The average stem length of plants grown in glacial soils (Clarion and Webster types) is significantly different from the average stem length of those grown in drift soils (Knox and O’Neill types).
Stem lengths for Clarion and Webster types are not significantly different.
Stem lengths for Knox and O’Neill types are not significantly different.
In addition to the estimates for the parameters of the model, the results of tests about the parameters are also displayed. The ‘B’ following the parameter estimates indicates that the estimates are biased and do not represent a unique solution to the normal equations.
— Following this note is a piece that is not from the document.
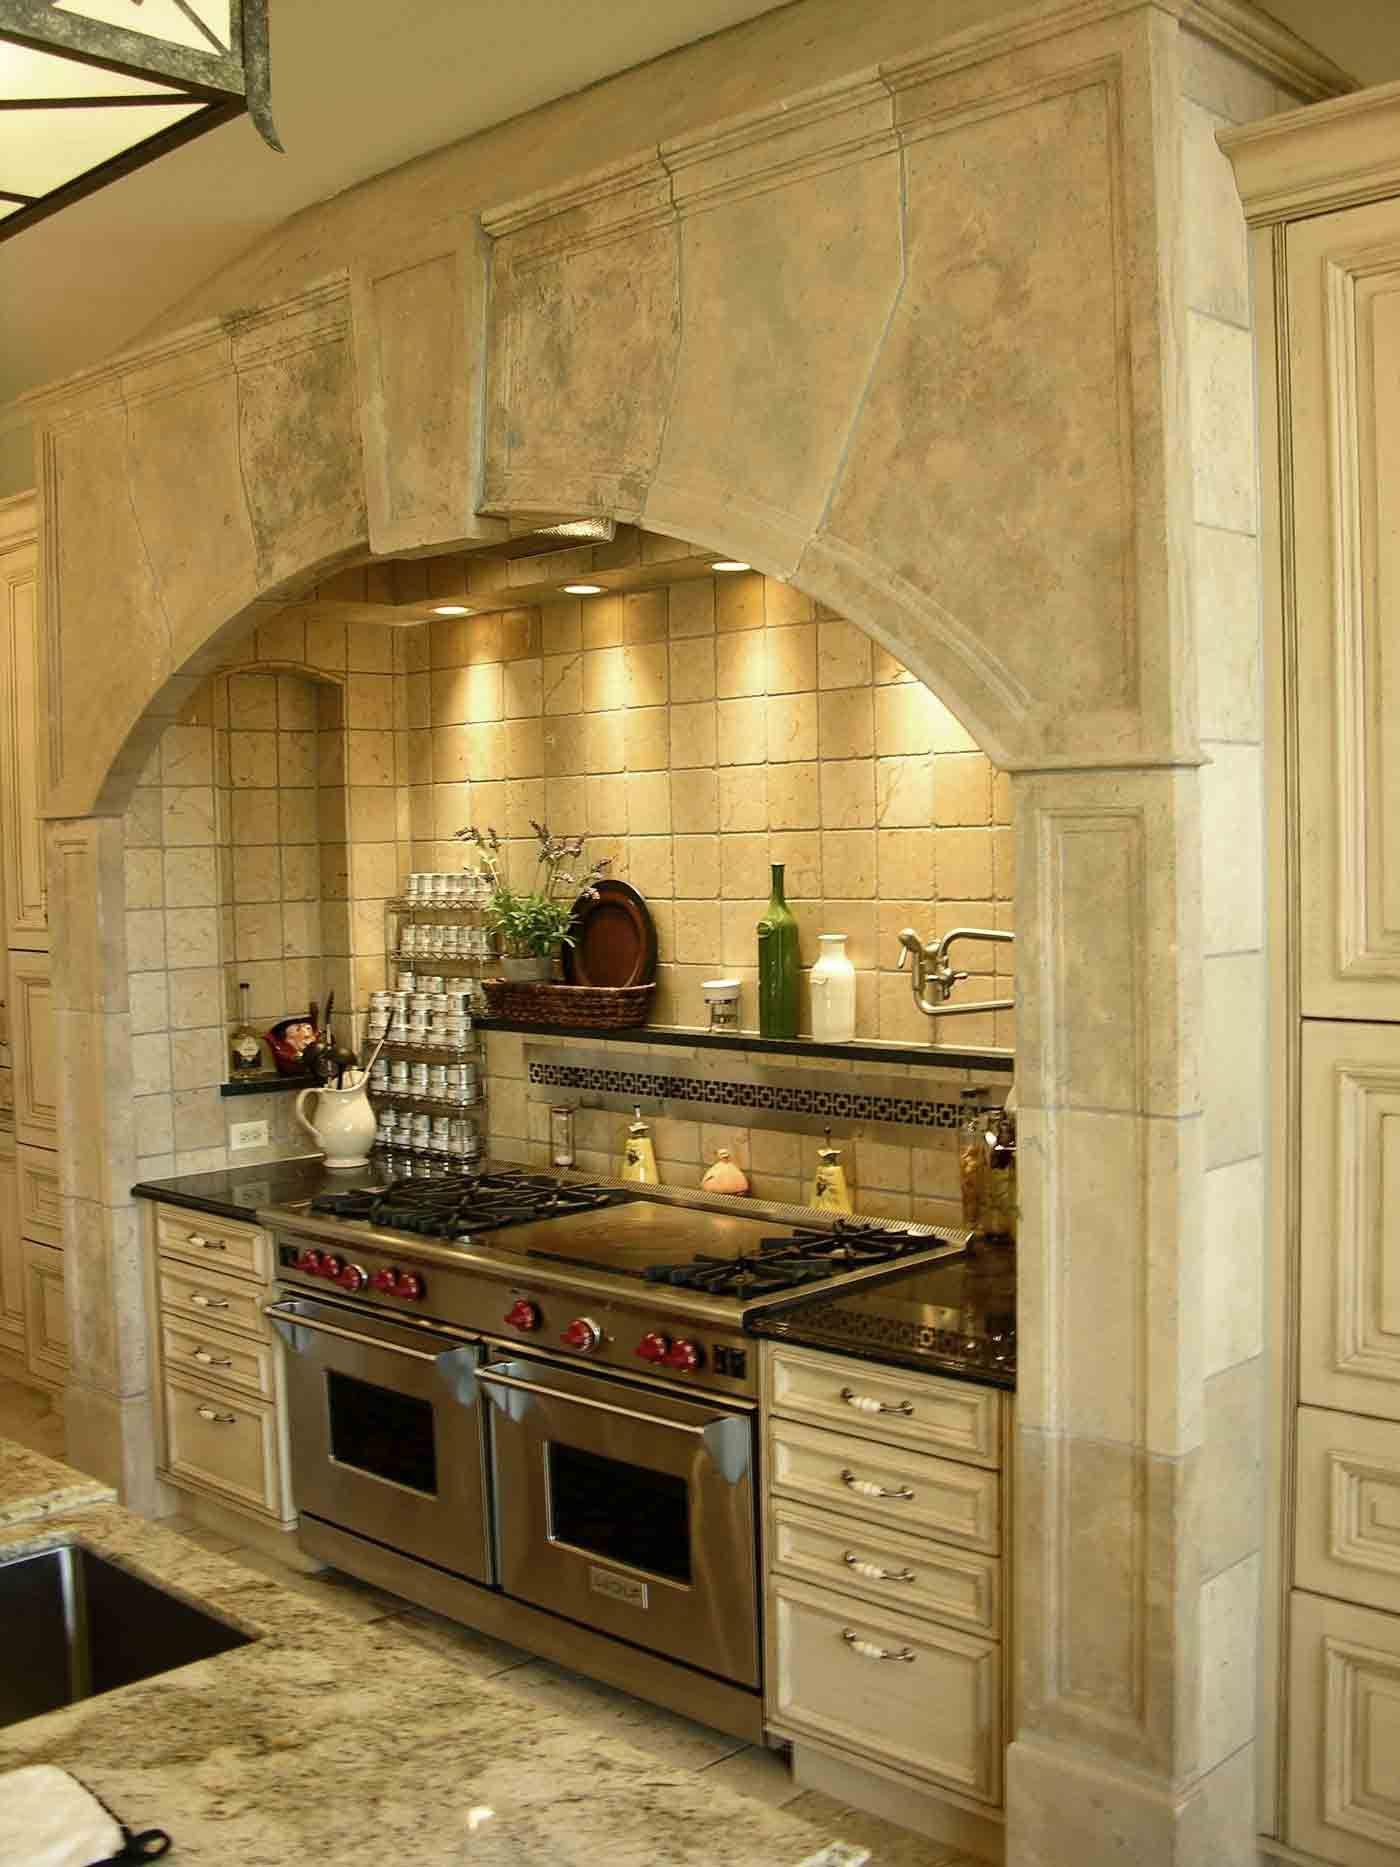 Architectural Stone | Best Kitchen Range Hoods Gallery ...

Balanced Data from Randomized Complete Block |
Note: | This test minimizes the Bayes risk under additive loss and certain other assumptions. |
Kratio | 100 |
---|---|
Error Degrees of Freedom | 12 |
Error Mean Square | 1.645238 |
F Value | 10.45 |
Critical Value of t | 2.12034 |
Minimum Significant Difference | 2.2206 |
Means with the same letter are not significantly different. |
||||
---|---|---|---|---|
Waller Grouping | Mean | N | Type | |
A | 35.967 | 3 | Wabash | |
A | ||||
A | 34.900 | 3 | Knox | |
A | ||||
B | A | 33.800 | 3 | O'Neill |
B | ||||
B | C | 32.167 | 3 | Clarion |
C | ||||
D | C | 31.100 | 3 | Webster |
D | C | |||
D | C | 30.300 | 3 | Clinton |
D | ||||
D | 29.667 | 3 | Compost |
Balanced Data from Randomized Complete Block |
Note: | This test controls the Type I experimentwise error rate. |
Alpha | 0.05 |
---|---|
Error Degrees of Freedom | 12 |
Error Mean Square | 1.645238 |
Number of Means | 2 | 3 | 4 | 5 | 6 | 7 |
---|---|---|---|---|---|---|
Critical Range | 2.9875528 | 3.2837322 | 3.4395625 | 3.5402383 | 3.5402383 | 3.6653133 |
Means with the same letter are not significantly different. |
|||||
---|---|---|---|---|---|
REGWQ Grouping | Mean | N | Type | ||
A | 35.967 | 3 | Wabash | ||
A | |||||
B | A | 34.900 | 3 | Knox | |
B | A | ||||
B | A | C | 33.800 | 3 | O'Neill |
B | C | ||||
B | D | C | 32.167 | 3 | Clarion |
D | C | ||||
D | C | 31.100 | 3 | Webster | |
D | |||||
D | 30.300 | 3 | Clinton | ||
D | |||||
D | 29.667 | 3 | Compost |
The final two pages of output (Output 41.1.3 and Output 41.1.4) present results of the Waller-Duncan and REGWQ multiple-comparison procedures. For each test, notes and information pertinent to the test are given in the output. The Type means are arranged from highest to lowest. Means with the same letter are not significantly different. For this example, while some pairs of means are significantly different, there are no clear equivalence classes among the different soils.
For an alternative method of analyzing and displaying mean differences, including high-resolution graphics, see Example 41.3.